Fair Employment and Housing Act (FEHA) provides significantly broader protections than the ADA in numerous critical areas, reflecting California’s leadership in disability rights and its commitment to exceeding federal minimum standards. Government Code Section 12926.1(a) explicitly declares that “the law of this state in the area of disabilities provides protections independent from those in the federal Americans with Disabilities Act” and that “although the federal act provides a floor of protection, this state’s law has always, even prior to passage of the federal act, afforded additional protections.”
Employer Size Coverage: One of the most significant differences lies in employer coverage thresholds. The ADA applies only to employers with 15 or more employees, whereas Fair Employment and Housing Act applies to employers with five or more employees. This difference means that significantly more California workers enjoy protection from employment discrimination, as Fair Employment and Housing Act covers approximately three times as many employers as the ADA.

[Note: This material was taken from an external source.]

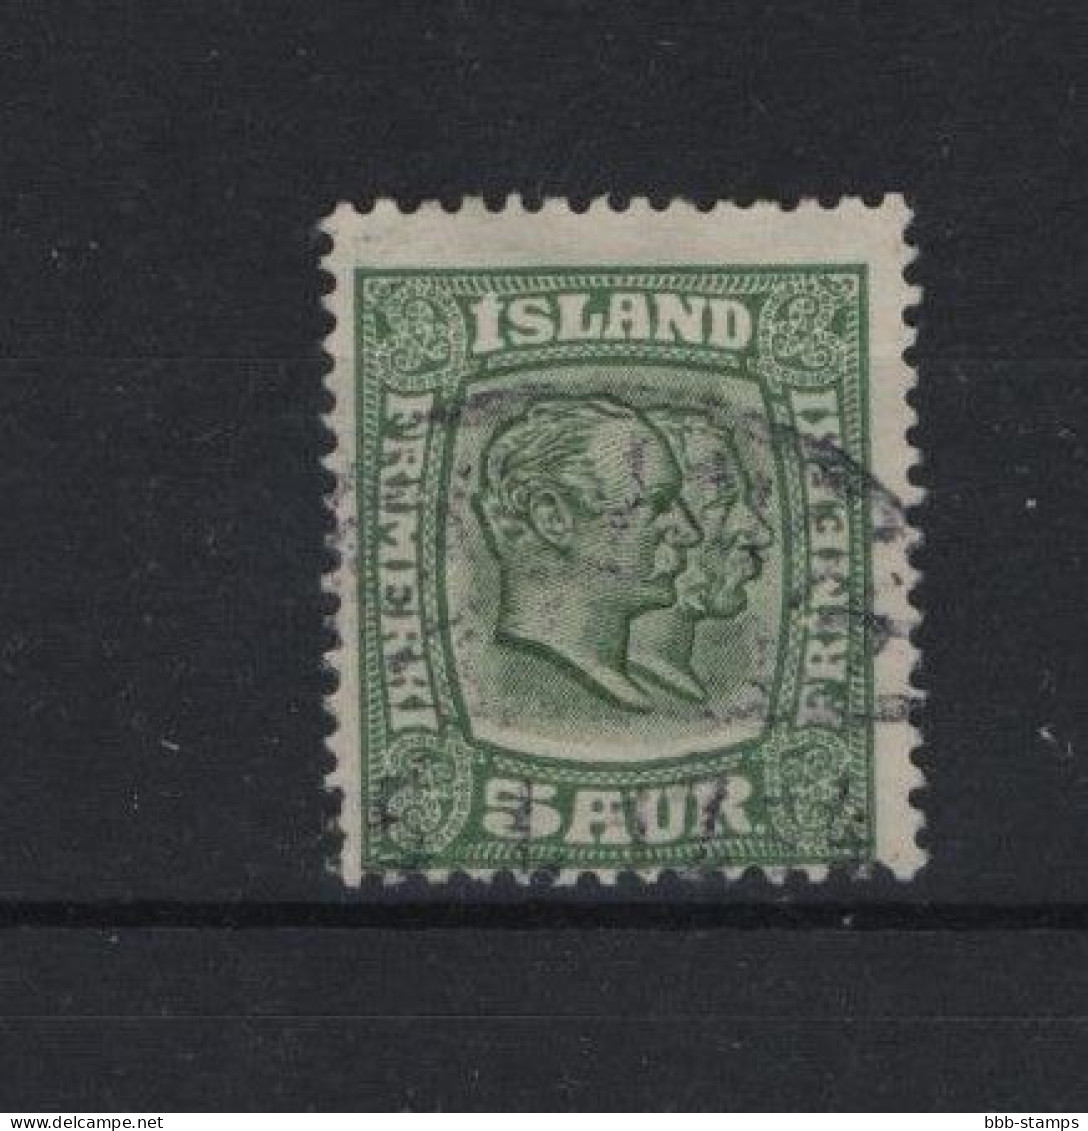 Island Michel Cat.No. Used 79 (3) - Used Stamps

Definition of Disability – “Substantial” vs. “Limiting”: A crucial distinction involves the standard for measuring disability. The ADA requires that impairments “substantially limit” a major life activity, while FEHA requires only that the disability “limit” such activity. This distinction is intended to result in broader coverage under California law than under federal law.
This difference has practical significance for individuals with conditions that impact their lives but may not rise to the “substantial” limitation threshold. For example, individuals with short-term or temporary conditions may qualify for protection under FEHA though the same condition might not qualify under the ADA. However, “mild” conditions that have little or no residual effects and do not limit a major life activity are still excluded under FEHA.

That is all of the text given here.